# 2002 Pathfinder LE MPG



## instantpop (Dec 19, 2005)

So I am the proud new owner of an '02 Pathfinder LE this week and after driving my 240SX into the ground and my '98 Altima before that, I am loving my first adventure into the SUV arena. I do have a question, though. I've read that the MPG rating for the Pathfinder is 15/19 and you're more likely to get 13 MPG when driving in the city. I'm not even getting that. I'm lucky if I am getting about 10MPG when using it for running errands and the like. Any ideas as to what I should check out to get that number a bit higher? I did buy the vehicle from a dealership but not really one that I necessarily trust did a good job of conditioning the vehicle before I purchased it. I was ready for lower MPG coming from the 240, but I didn't think that it would be this drastic! Any ideas are welcome and thanks for providing such a great forum!!

-Brent


----------



## Zilverado (Sep 25, 2002)

Hey welcome to the forum!

I don't know how the 4wd is set up in the newer models (i.e. full-time 4wd, etc), but if you can, keep it out of 4wd whenever you don't need it. The extra power ot turn the front does effect the MPGs.

Also, standard tune-up stuff like plugs, wires, filters (air and fuel) can help quite a bit.

Just some thoughts.


----------



## instantpop (Dec 19, 2005)

Hey Zilverado,

Thanks for the speedy reply. The newer ones (at least my '02) has Auto 4WD as an option and that is where things are set. I've got it there since we've got quite a bit of snow here right now and it's one of the main reasons I went to the SUV market from the 240SX I had. The maintenance records on it are pretty much non-existent so I am going to go through and replace all the plugs, filters and whatnot. Luckily my brother-in-law works for an auto parts store!! I've also read that colder temperatures can effect the MPG, but really by how much? Right now, I am getting about 10-12 MPG on 92 Octane gas.


----------



## MrGame (Jun 8, 2005)

Check out all of your cv shafts and make sure nothing is binding in the drivetrain, any type of drag is going to lower your gas mileage


----------



## Telefunken (Nov 11, 2005)

My average is around 13 mpg (city/aggressive, fresh plugs and filters). With gentle driving and lotsa highway it's around 16 mpg. I also noticed that the mileage went a bit down after I had the transmission fluids changed. Since I did it at the independent shop it's not entirely impossible that the guys used wrong viscosity fluids. No way to check though, is there?


----------



## thrbek (Oct 27, 2005)

instantpop said:


> Hey Zilverado,
> 
> Thanks for the speedy reply. The newer ones (at least my '02) has Auto 4WD as an option and that is where things are set. I've got it there since we've got quite a bit of snow here right now and it's one of the main reasons I went to the SUV market from the 240SX I had. The maintenance records on it are pretty much non-existent so I am going to go through and replace all the plugs, filters and whatnot. Luckily my brother-in-law works for an auto parts store!! I've also read that colder temperatures can effect the MPG, but really by how much? Right now, I am getting about 10-12 MPG on 92 Octane gas.



Hi!

Here are a couple of things to keep in mind:

1) If the weather is VERY cold right now, your mileage will be affected pretty bad. Running in AUTO...if the vehicle is using 4X4 alot will decrease gas mileage by 3MPG fairly easily. Also, in the cold weather, all of the moving parts of the drive train from the wheel bearings to the U-Joints...to the transfer-case fluid...all takes time to warm up. That means, for 10-15 minutes of your initial drive time, you're trying to move very cold parts...and that takes more power from the engine...which uses more gas.
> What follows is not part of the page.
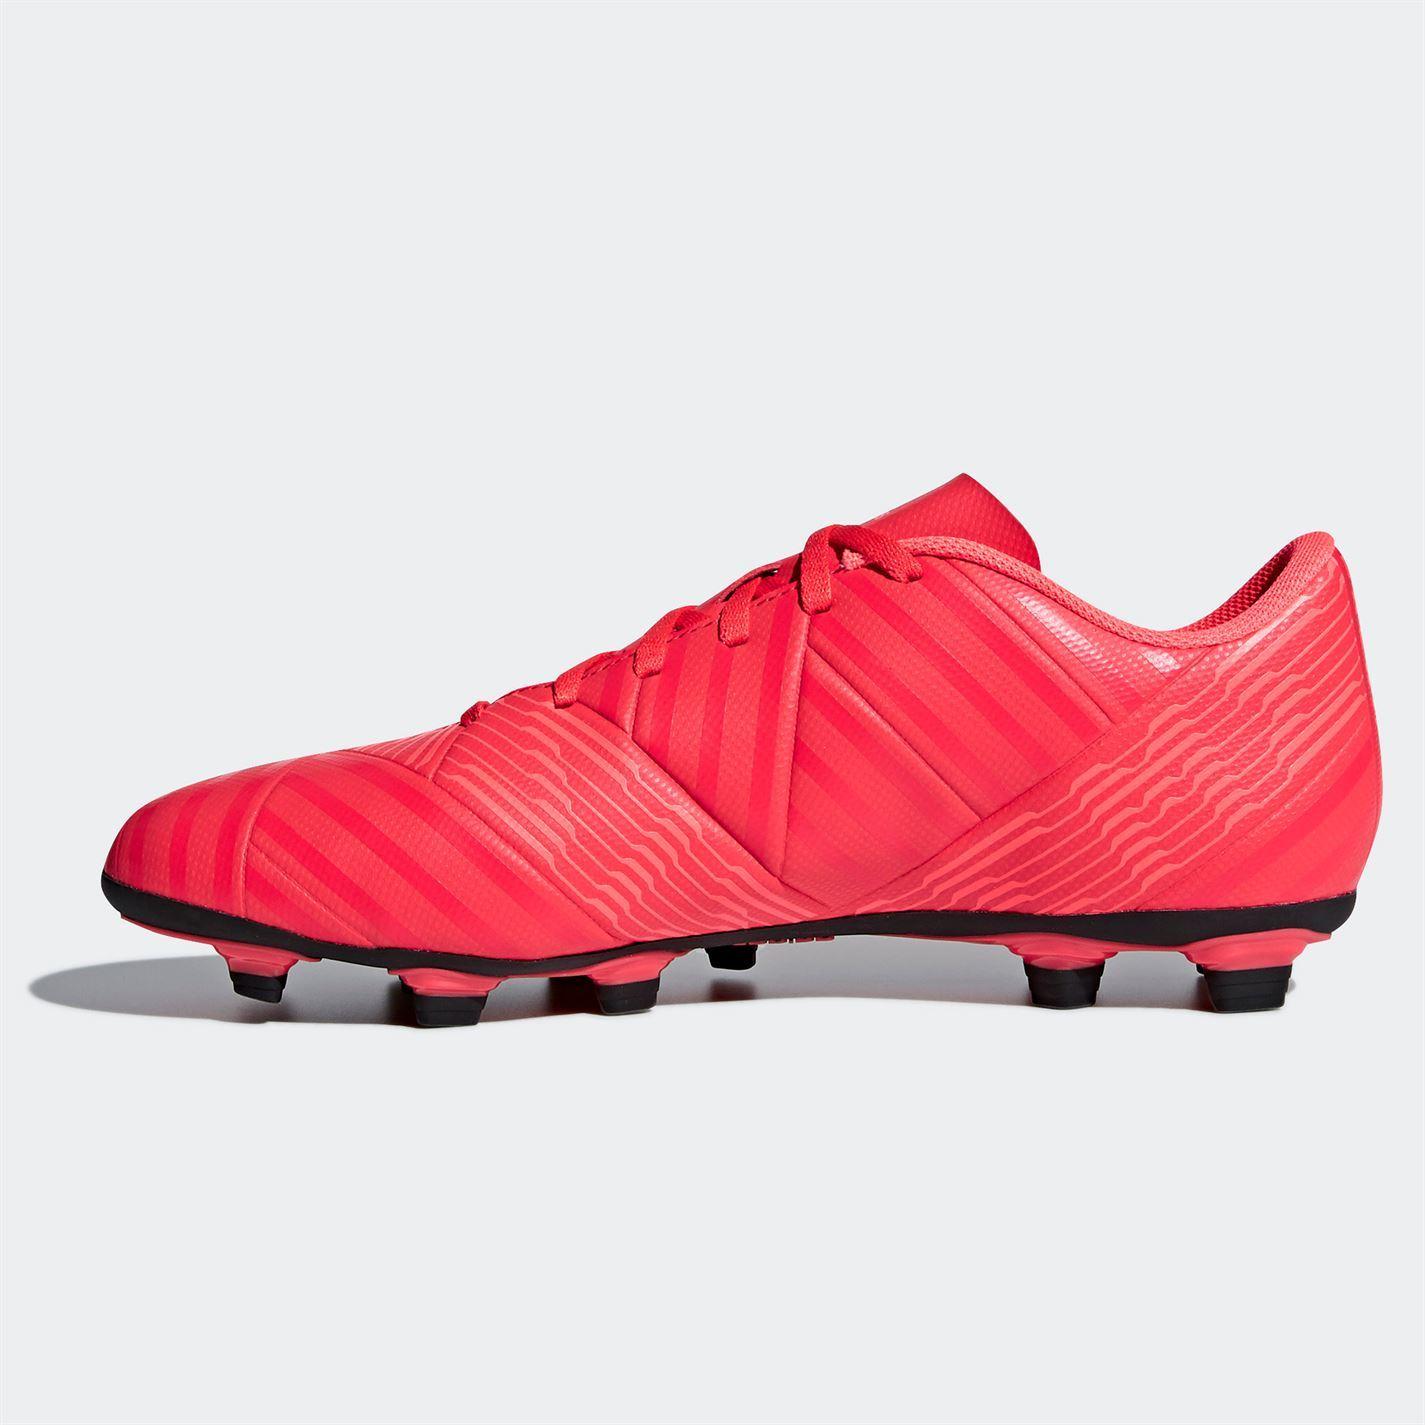 scarpe da calcio adidas x 17.3 uomo

2) You should get better MPG with higher octane fuel. I see you're using 92 Octane..that should help...but it's really a toss up on fuel efficiency vs. the cost of premium fuel. You may try using an ethanol blend in the winter time that is 90 octane. The ethanol won't hurt your Pathy and it will keep water from getting into your fuel line.

3) Obviously, general tune-up items like: Replace oxygen sensor, replace spark plugs, replace spark plug wires, run fuel injector cleaner through the engine, etc....those will all help as well. The oxygen sensor will cost at least $50 for the part...and then labor on top of that to install...so I'd have it tested before you replace it. (A bad O2 sensor could cause bad mileage...but you'd probably notice performance issues as well...)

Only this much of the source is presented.